I drive by it everyday twice a day for the past 9 years and never stopped. Someone recommended the Cove in Peekskill by the water.


----------



## Flatbedford (Feb 18, 2013)

Cove has recently changed ownership. Not sure what its like now. The location is nice though. If you are gonna head down in the warmer weather let me know. Maybe we can meet you there. Do you know how all the restaurants at the Newburgh waterfront did during Sandy? We like to go up there in the summer.


----------



## katwillny (Feb 19, 2013)

That be real cool Steve, Ill definitely let you know. I was just in torches a few days ago and all appears to be fine. Love that water front, Torches with the wife, Havanas 59 with the wife and kids and Gullys with the boys. Gullys is a great place for beers and good live music.


----------



## Flatbedford (Feb 19, 2013)

We used to take the boat up to Gully's a couple times a year. Before gas got to be around $5/gallon and we pretty much gave up on boating.


----------



## MasterMech (Feb 20, 2013)

Flatbedford said:


> We used to take the boat up to Gully's a couple times a year.

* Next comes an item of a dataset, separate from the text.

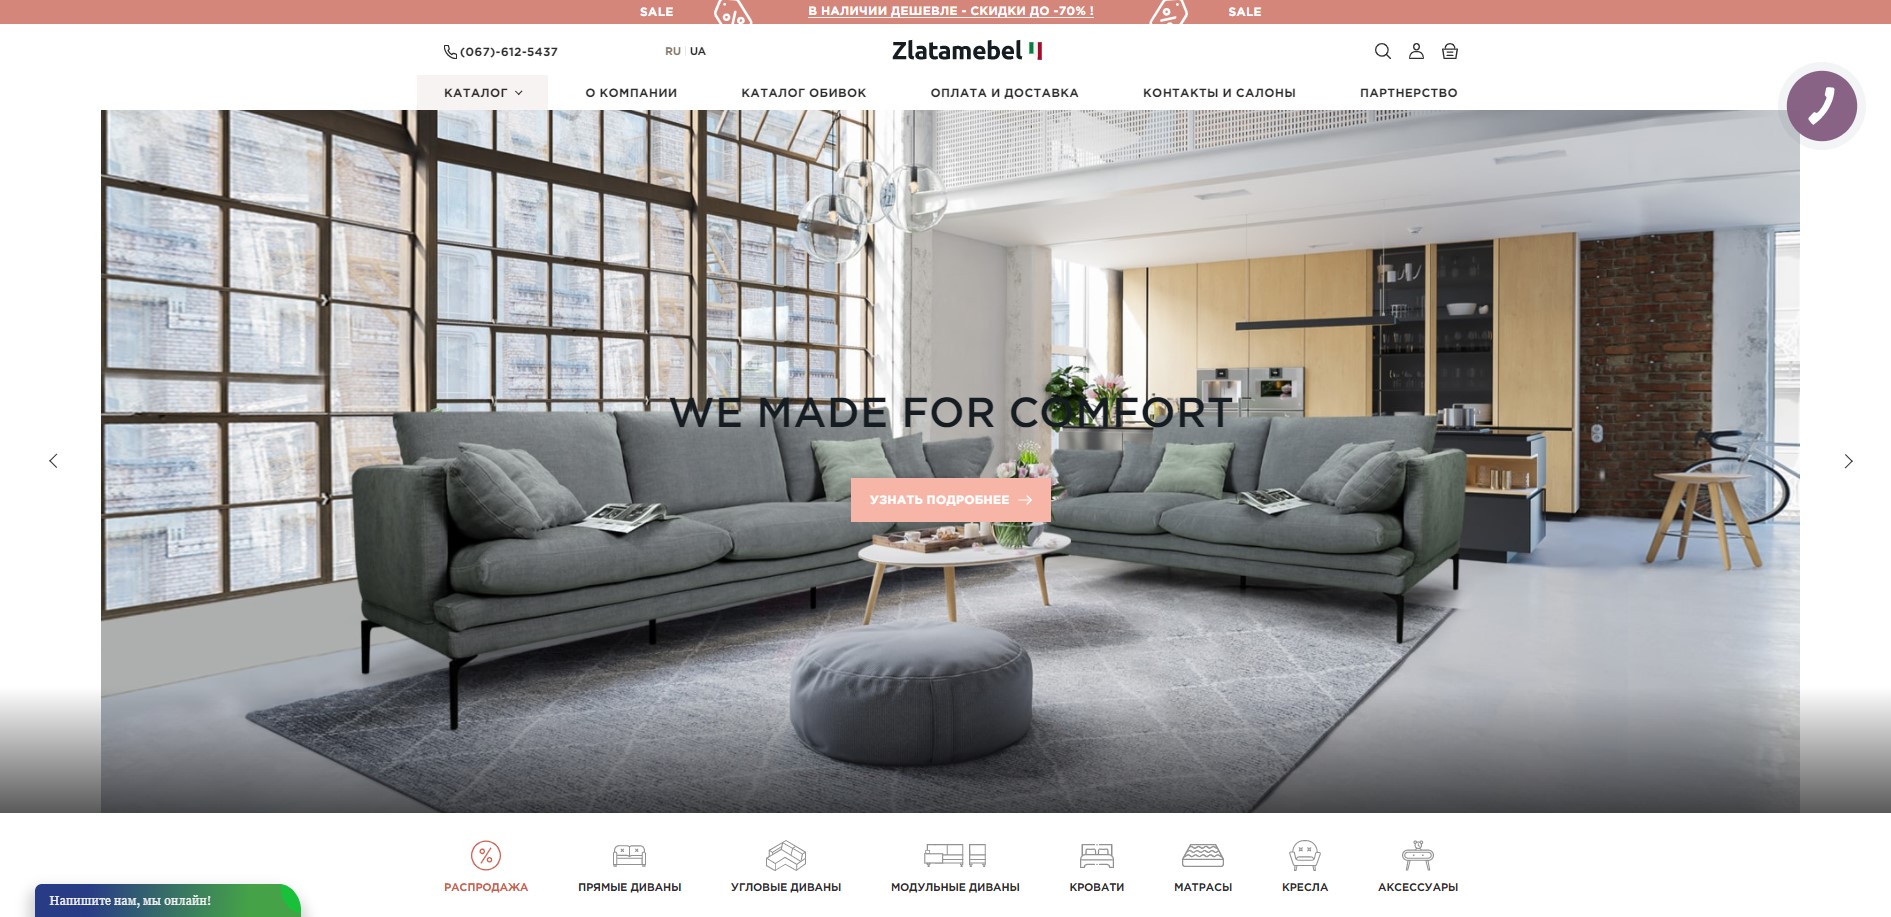 Corporate website with Zlatamebel catalog
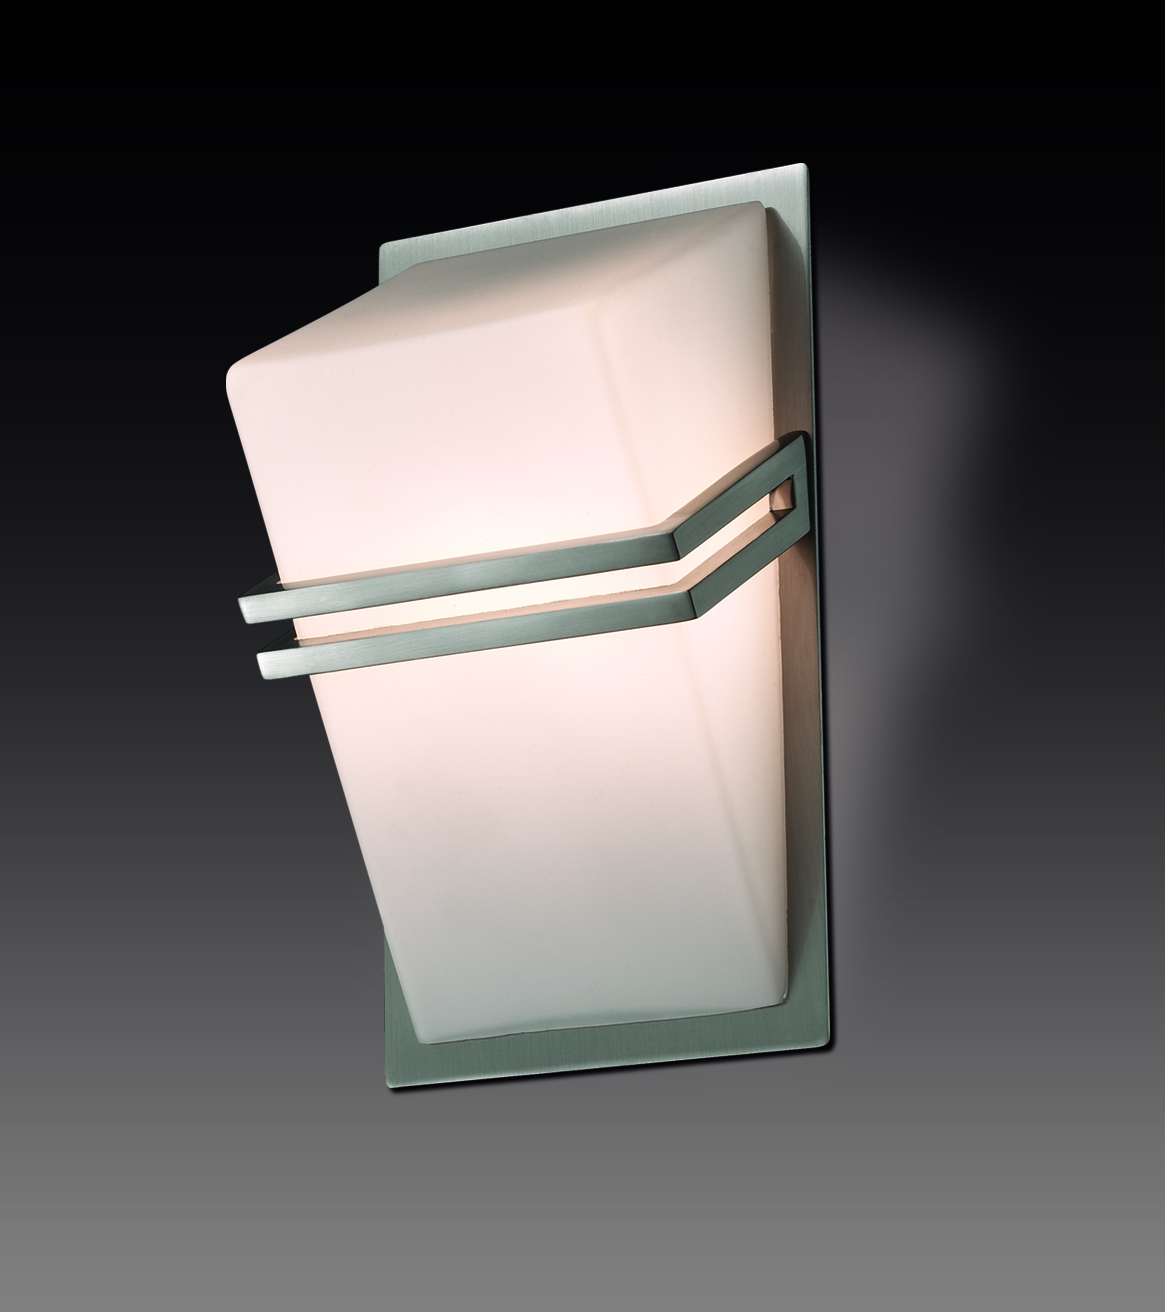 Настенный светильник Odeon Light Walli Tiara 2025/1W, 1xG9x40W, никель, белый, металл, стекло - фото 1

Before gas got to be around $5/gallon and we pretty much gave up on boating.


 Think we'll see sailing make a comeback?


----------



## Flatbedford (Feb 20, 2013)

Hard to make a run from Croton to Newburgh and back in one night with a sailboat.


----------



## thewoodlands (Feb 20, 2013)

katwillny said:


> Here are some more


 I'll take the trunk in the pic, very nice pics.


----------



## katwillny (Feb 20, 2013)

Zap, that trunk is one of my best finds and has a nice story. I found that last summer in downtown Manhattan at a yard sale and it was the last piece the lady had and i got it for literally a bottle of water. It was one of those ungodly hot NYC days and when I saw it I Immediately fell in love with it, I struck up a conversation with her and she told me that I could have it since she didnt want to carry it back to her apartment 4 blocks down. After talking to her about our beautiful NYC she asked me to buy her a bottle of water and that I could have the trunk. I offered her money but she insisted that she wanted me to have it as long as I promised her to give it a nice home. Cant wait for the spring when they have these community street sales.That was a sweet woman.


----------



## katwillny (Feb 20, 2013)

schoondog said:


> Texaco Research


Shoondog, are you referring to the warehouses down by Maddam Brett Park at the end of South Ave? There were talks of making those into Lofts but that was a few years ago and I have not seen much going on down there. I wish they would do something with those buildings, they are not very sightly in their current state. I can see really nice lofts being made in there. Yes, i walked in last summer, and looked around inside. lol.


----------